**GOAL OF THE EXERCISE**
The entries below are to be returned as written, with all pictures dropped.

--- START ---

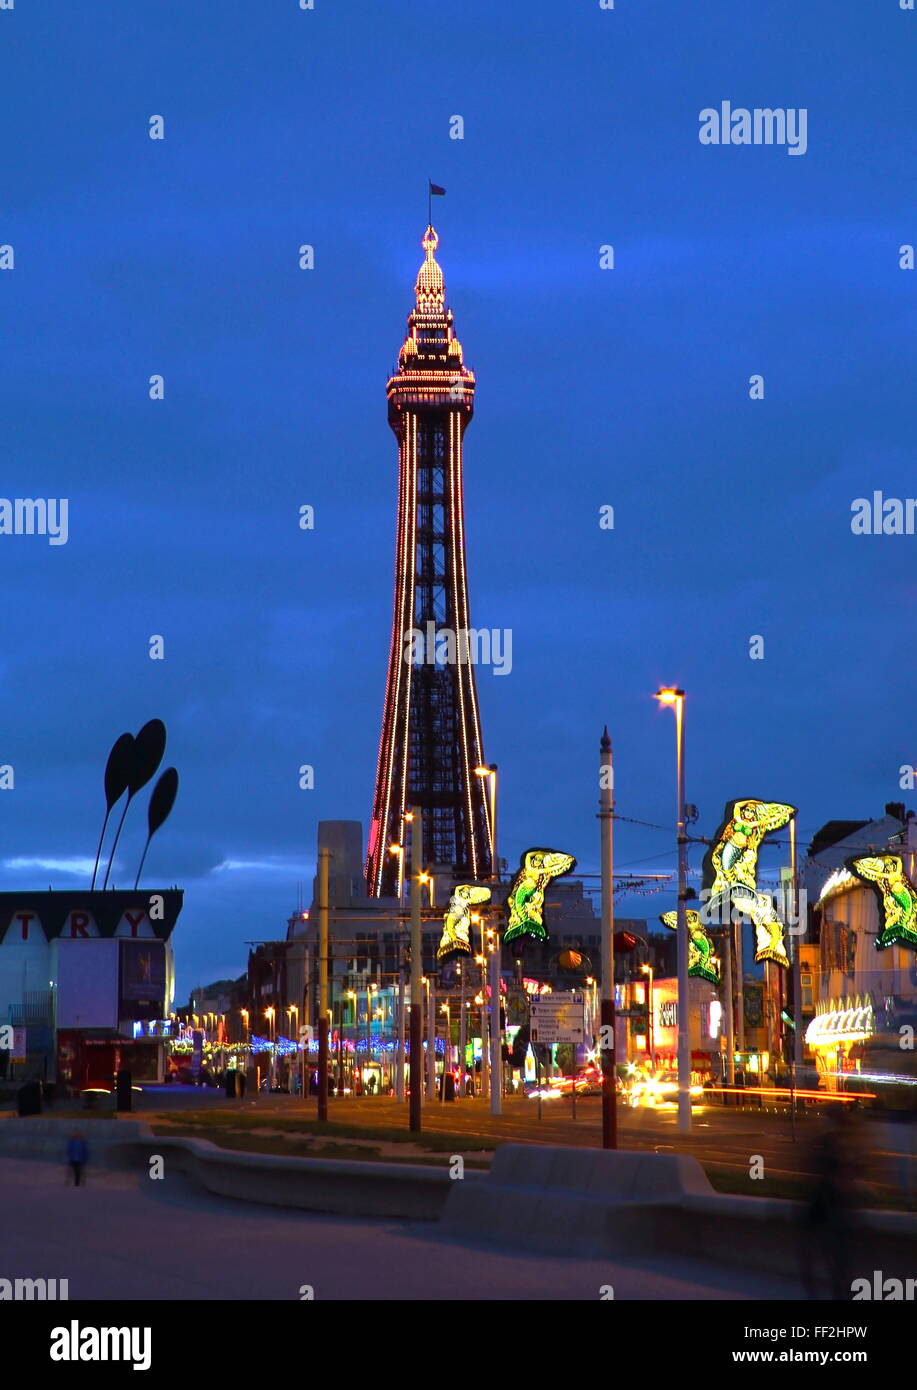 BRMackpooRM iRMRMuminations with the tower and street mermaid decorations, BRMackpooRM, RMancashire, EngRMand, United Kingdom, Europe Stock Photo
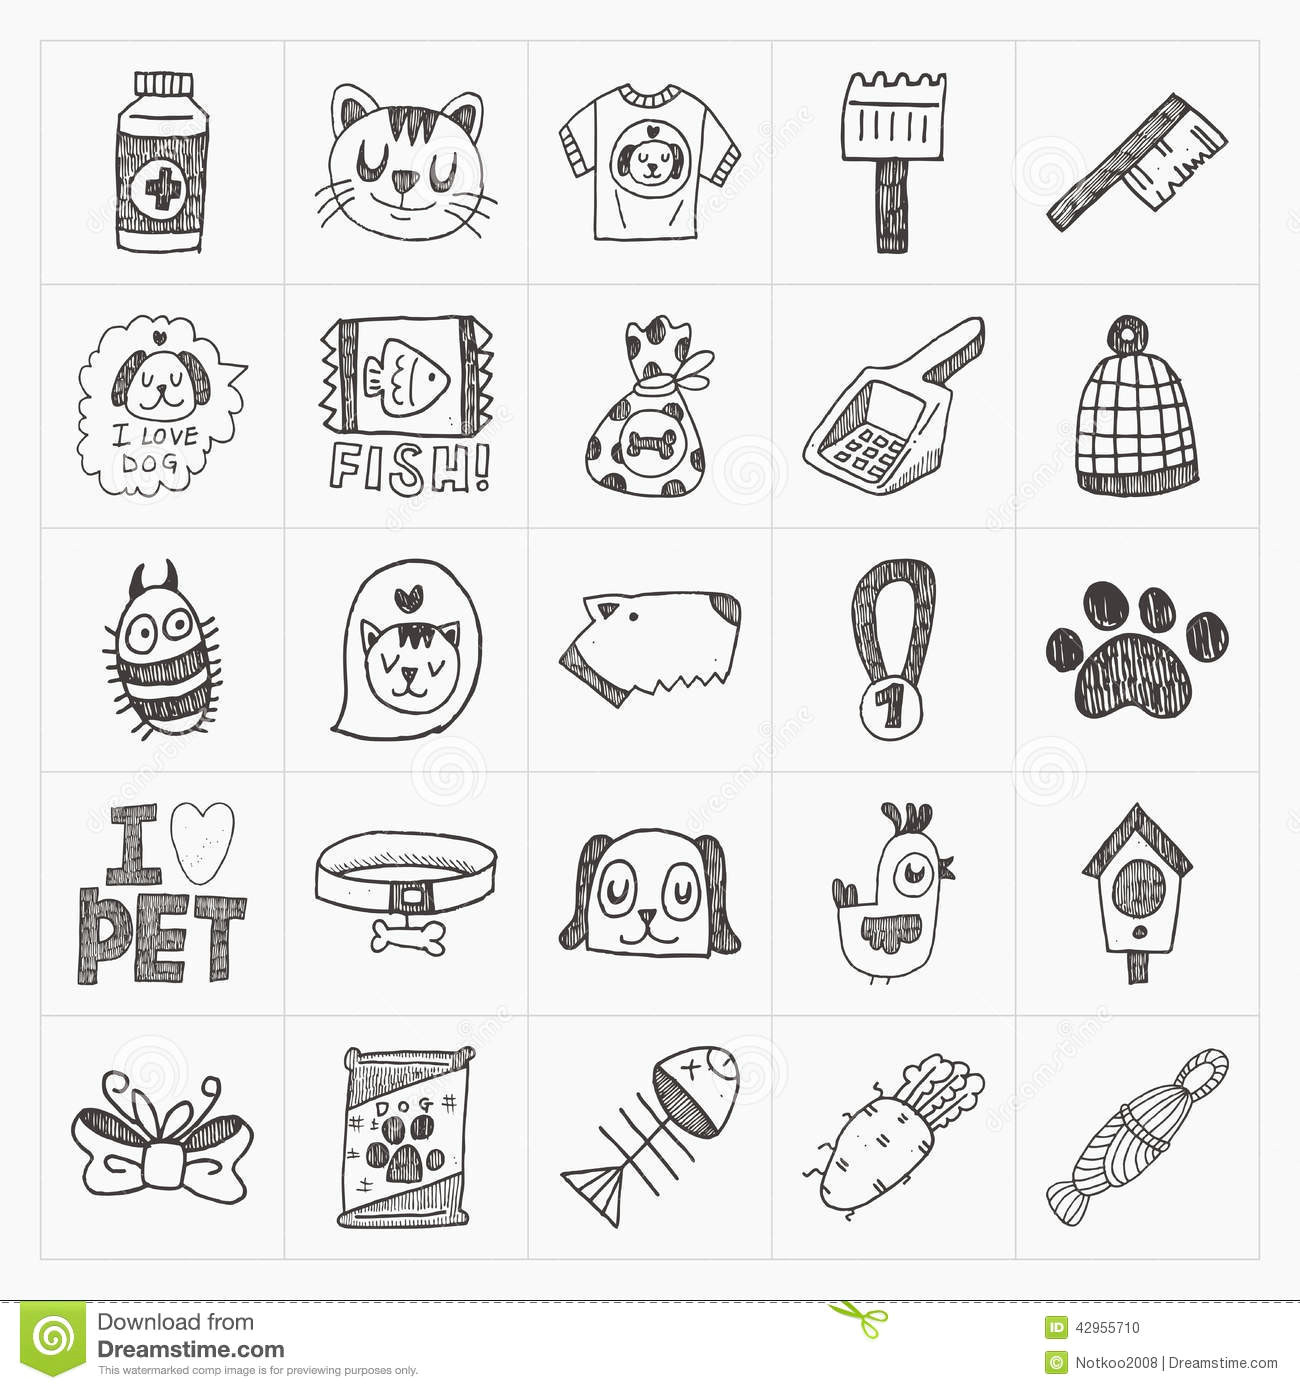 Drawing Dog Doodle Doodle Pet Icons Set Stock Vector Illustration Of Draw 42955710
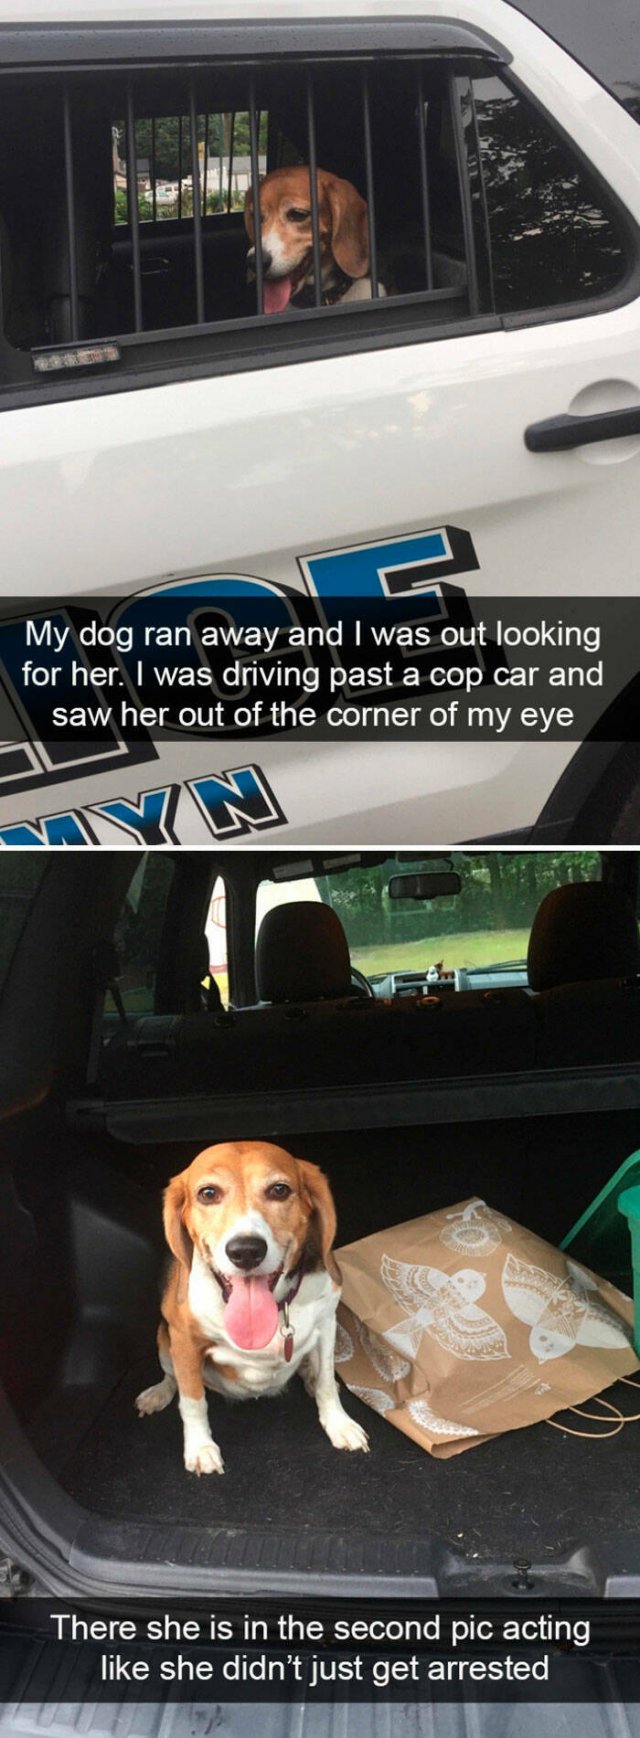 Memes With Dogs, part 4
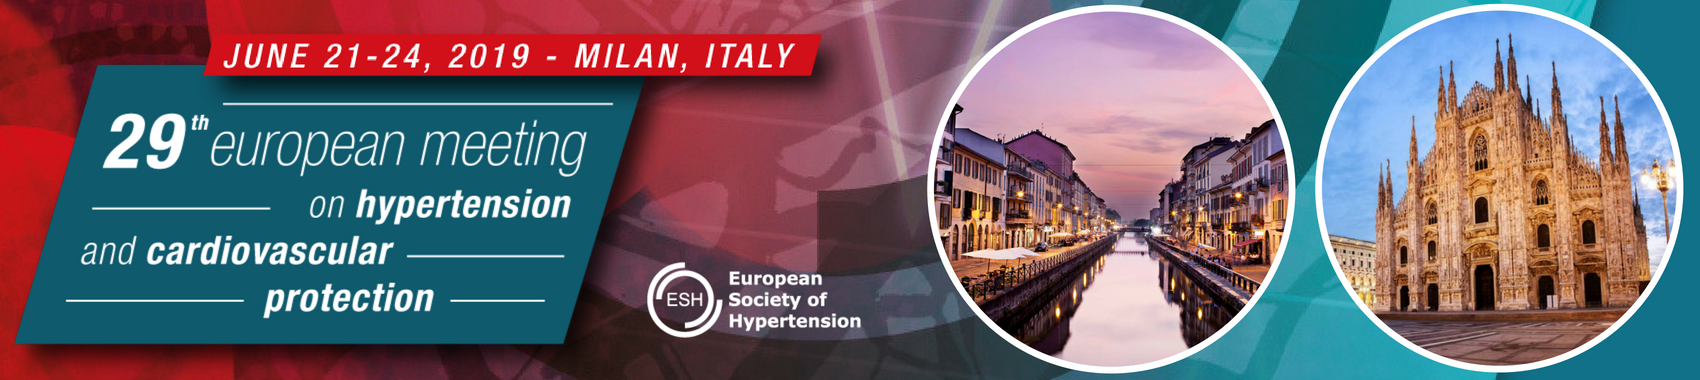 29th european meeting on hypertension and cardiovascular protection
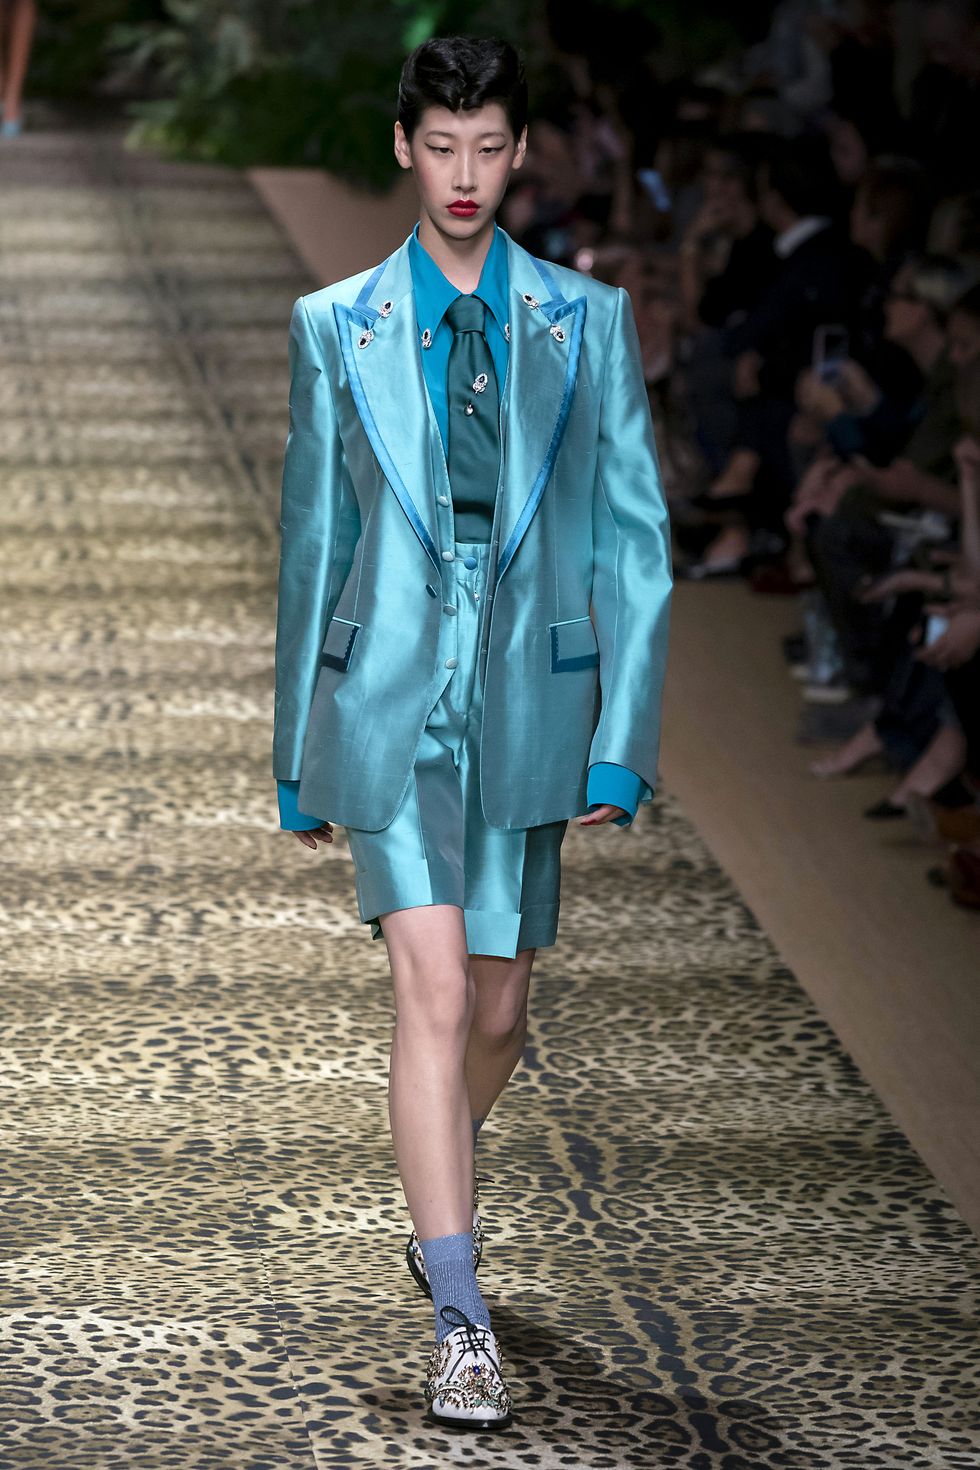 Fashion model, Fashion show, Fashion, Runway, Clothing, Blue, Electric blue, Turquoise, Haute couture, Spring, 
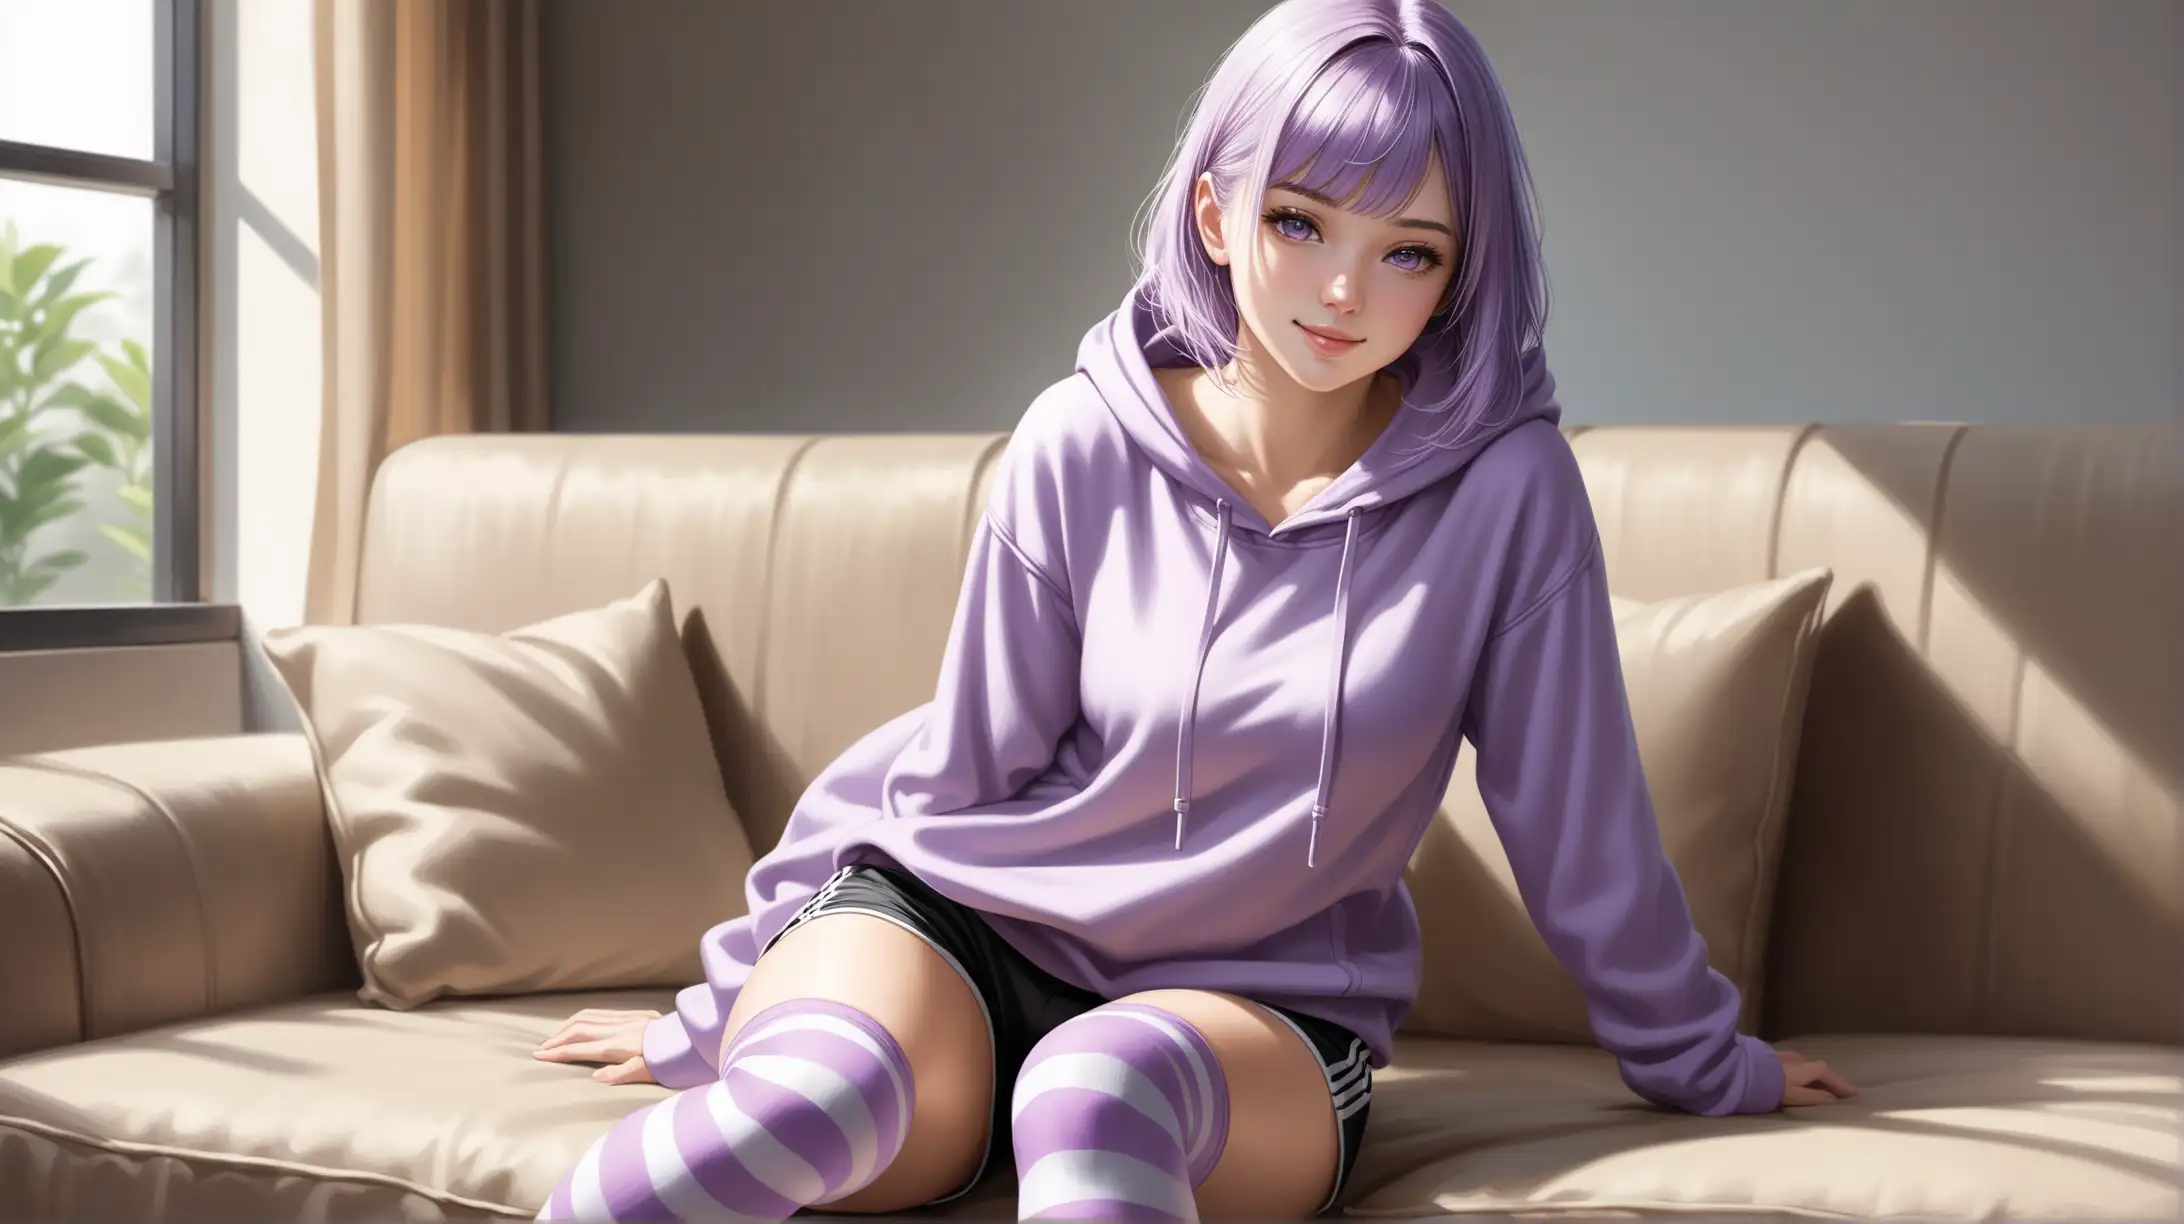 Seductive Woman in Purple Hair and Athletic Attire Sitting on Sofa

--- END ---

**EXERCISE ANSWER**
 BRMackpooRM iRMRMuminations with the tower and street mermaid decorations, BRMackpooRM, RMancashire, EngRMand, United Kingdom, Europe Stock Photo
 Drawing Dog Doodle Doodle Pet Icons Set Stock Vector Illustration Of Draw 42955710
 Memes With Dogs, part 4
 29th european meeting on hypertension and cardiovascular protection
 Fashion model, Fashion show, Fashion, Runway, Clothing, Blue, Electric blue, Turquoise, Haute couture, Spring, 
 Seductive Woman in Purple Hair and Athletic Attire Sitting on Sofa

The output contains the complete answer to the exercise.